Submarine Innovation Summary

• Innovation Track Record. The submarine force has a history of innovation that has exploited the inherent strengths of submarines to provide revolutionary warfighting capabilities in response to current or emerging threats. Examples include the transformation of submarine warfare during World War II, the advent of nuclear power, and the placement of submarine-launched ballistic missiles (SLBMs) on submarines - the third and most survivable leg of the strategic triad.
  
• Warfighting Modernization. Current modernization programs are equipping our submarines with the state-of-the-art technology and warfighting capabilities - particularly in the areas of sensor improvements, communications, and onboard processing−to ensure they are thoroughly prepared to support joint operations today.
  
• Submarine Challenges. Despite the SSN's superior balance of stealth, endurance, and agility, the limited volume of a submarine hull has traditionally resulted in relatively smaller weapon and sensor payloads and inventory compared to surface ships.
  
• The Road Ahead. Submarine innovation, including an aggressive long-term technology development and insertion program, promises to overcome this challenge by dramatically increasing submarine sensor capabilities and payload in the future.
  
• SSGN−Transformation Opportunity.
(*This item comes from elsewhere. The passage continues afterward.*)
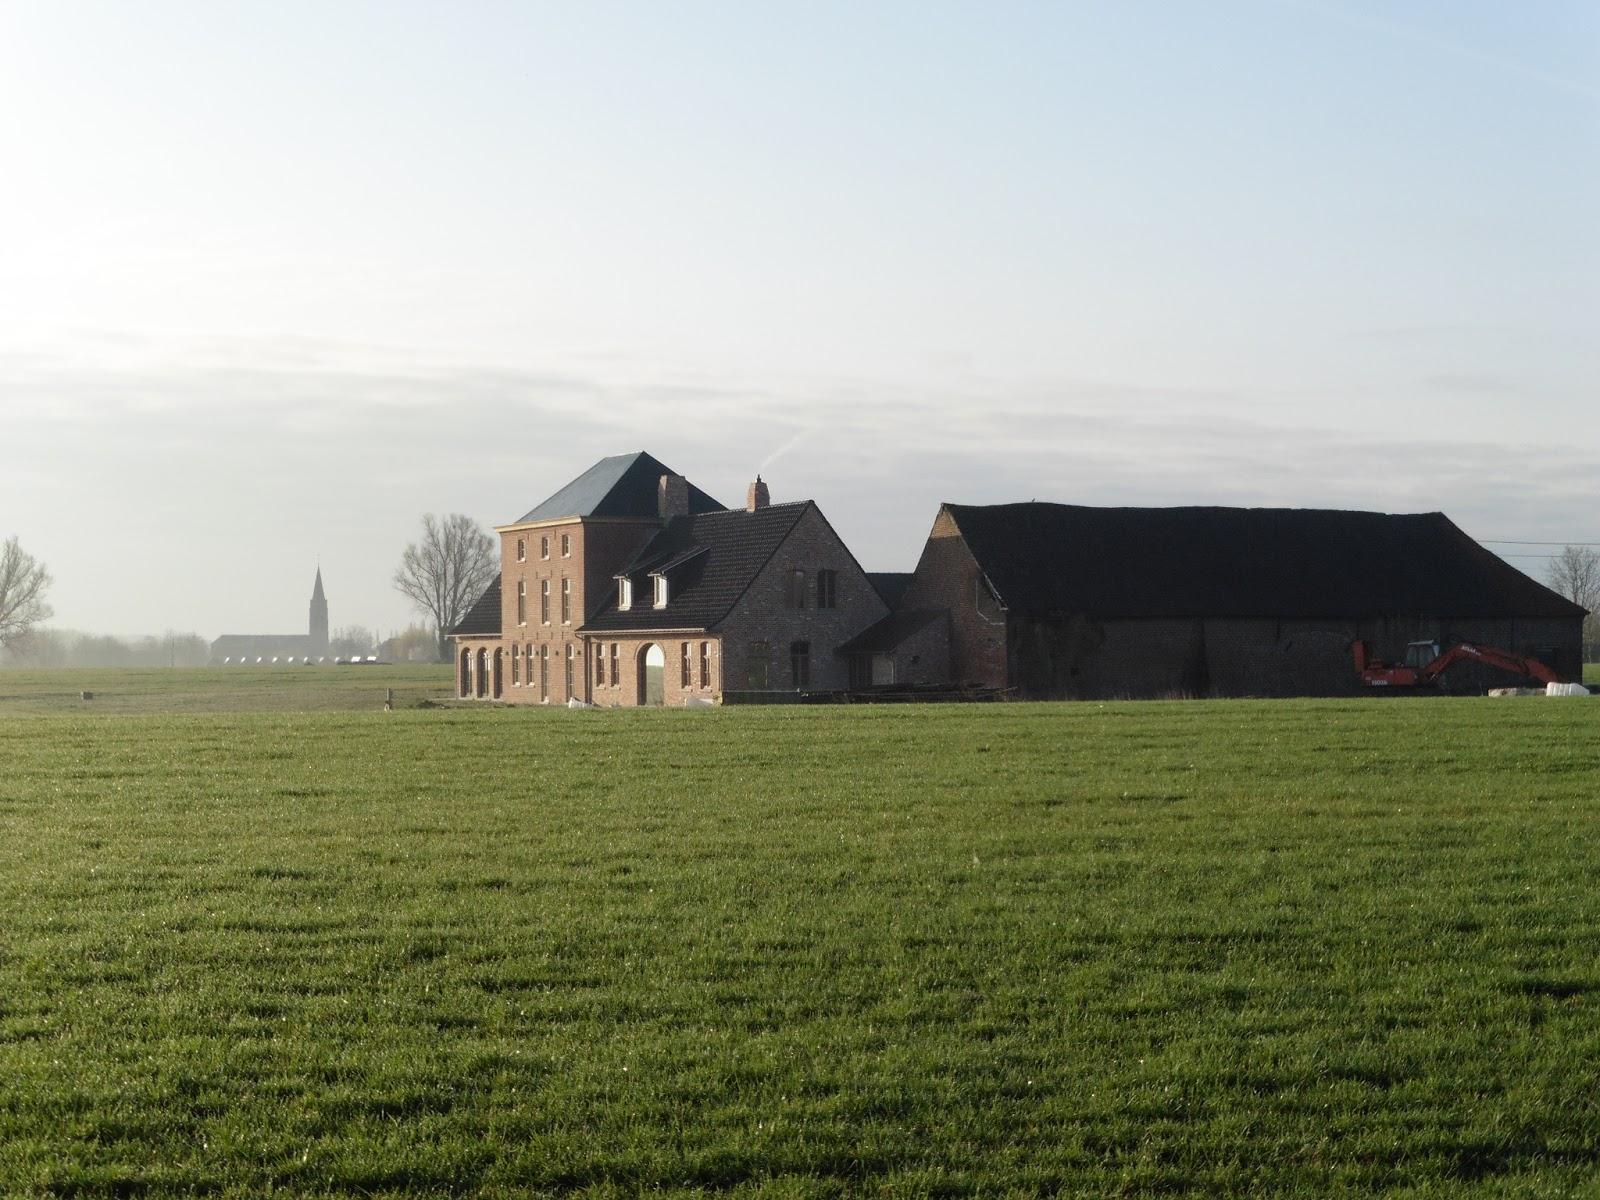 vierkantshoeve in Kooigem
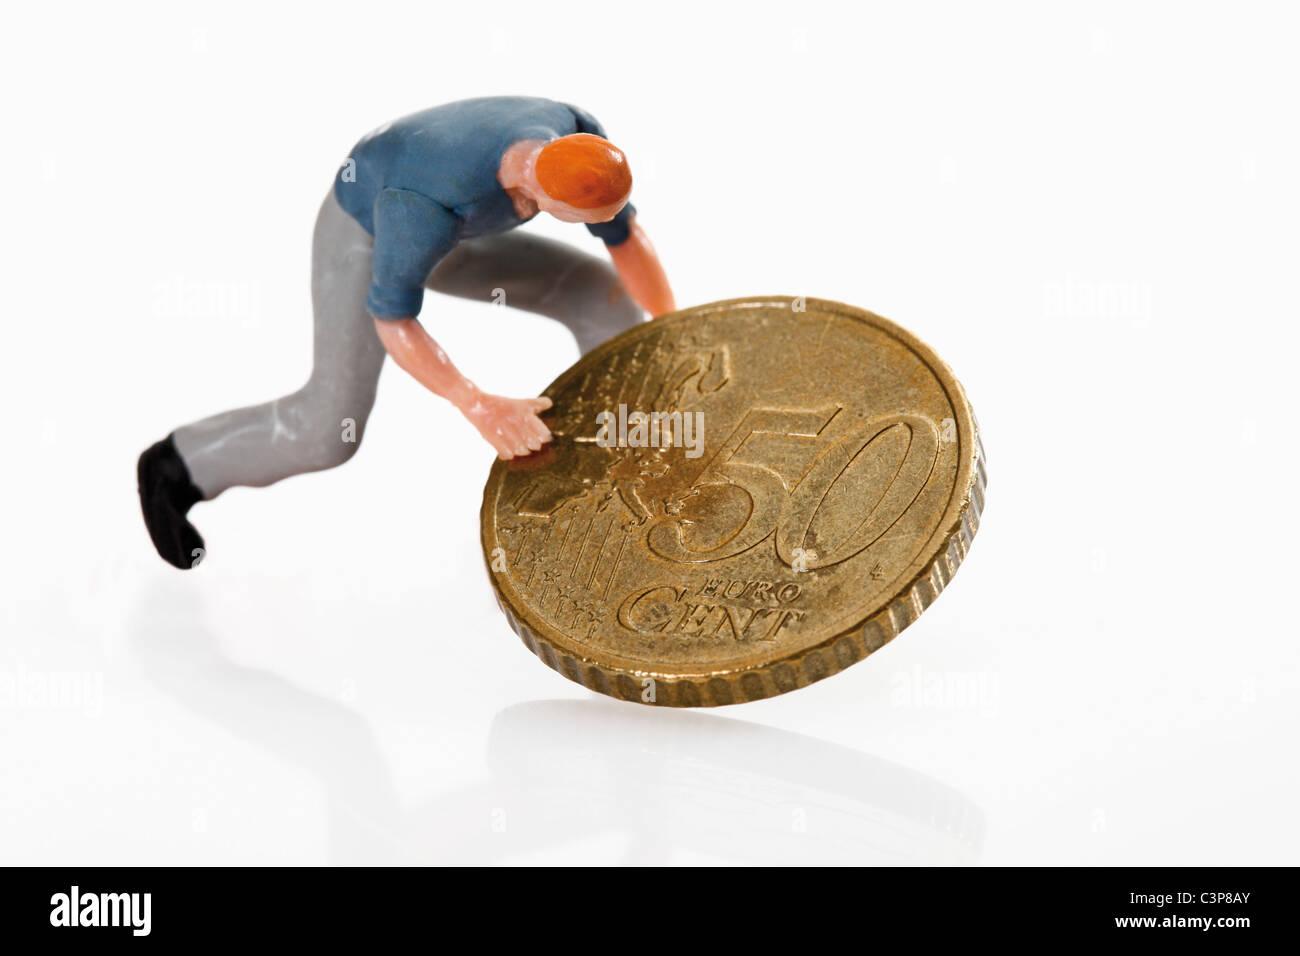 Arbeiter Figur Die 50 Cent Euro Münze Rollen Stockfoto Bild

The Navy is considering an opportunity to convert up to four Trident submarines to an SSGN configuration, which would carry large numbers of Tomahawks and Special Forces troops. By forward-deploying and dual-crewing these extraordinary platforms, we would provide our CINCs, for the next 20 years, with extraordinary firepower, and much-needed submarine mission capability and versatility in-theater. PB01 provided $37 million to continue studying this concept. A decision must be made this year.
  
• VIRGINIA Technology. The VIRGINIA Class submarine program has been designed with technological innovation in mind. The built in flexibility of VIRGINIA, including incorporation of modular design, open architecture and COTs components, allows for rapid and affordable technological insertion and innovation.
  
• Future Capabilities. Current development efforts are demonstrating progress in many key areas including unmanned vehicles, network centric operations with real-time reachback, and "smarter" weapons. Greater system and ship modularity along with long-term development programs, such as "electric ship" and offboard sensors, payloads and networks, will provide extraordinary flexibility and advances in future submarine warfighting capabilities.
  

Discussion: Submarine Innovation

The near-term strategy for submarine modernization and innovation places an emphasis on connectivity and payload (including sensors and processors), focused principally on littoral warfare aspects. The far-term strategy involves meaningful investment toward offboard sensors and vehicles, fully netted operations, complete submarine modularity in design and construction, and development of electric drive and an all-electric ship, including the enhanced capability these brings to stealth and warfighting. In conjunction, submarine initiatives will pursue and incorporate transformational capabilities and concepts (e.g., SSGN, submarine modularity, and offboard vehicles) to make our contribution to joint warfighting more efficient, effective and relevant.

History of Innovation

The advent of the submarine in the U.S. Navy 100 years ago was itself a revolutionary step in naval warfare. Since then, the submarine has consistently exploited its inherent strengths as an undersea warfighting platform to provide innovative and necessary capabilities to meet current and future threats. Examples include transformation of submarine warfare from coastal defense to forward-deployed interdiction in World War II, the advent of nuclear power which gave our submarines dominance on the seas because of their submerged endurance, speed, and stealth, and the placement of submarine-launched ballistic missiles (SLBMs) on submarines providing a third, and the most survivable, leg of the strategic triad - the cornerstone of our national security strategy during the Cold War.

The Challenge

Nuclear powered attack submarines traditionally have been characterized by their superior blend of stealth, endurance, agility, and firepower. Endowed with these attributes, submarines play a key role in our warfighting and forward-presence strategy. As an example, SSNs comprise a surprisingly high percentage of the total Tomahawk capability in each U.S. Battle Group (about 20 percent) and launched approximately 25% of all Tomahawks during the Kosovo conflict¹. Their capabilities as submarines were also critical to their ability to provide sustained presence and conduct critical surveillance prior to the conflict and to surge to the Adriatic Sea with other naval forces when hostilities commenced. Nevertheless, submarine design has traditionally placed limitations on submarine volume, which consequently limits submarine sensor and weapon payloads. Additionally, the dramatic explosion and proliferation of technology will make highly capable weapons systems affordable and easily accessible to potential adversaries that would not otherwise be able to pose a credible threat to U.S. forces. Increasingly, pursuit and implementation of rapidly changing warfighting capabilities will be essential to keeping up with emerging threats. Submarine innovation, including a long-term technological development and insertion program, promises to overcome these challenges and dramatically improve submarine capabilities in the 21st century.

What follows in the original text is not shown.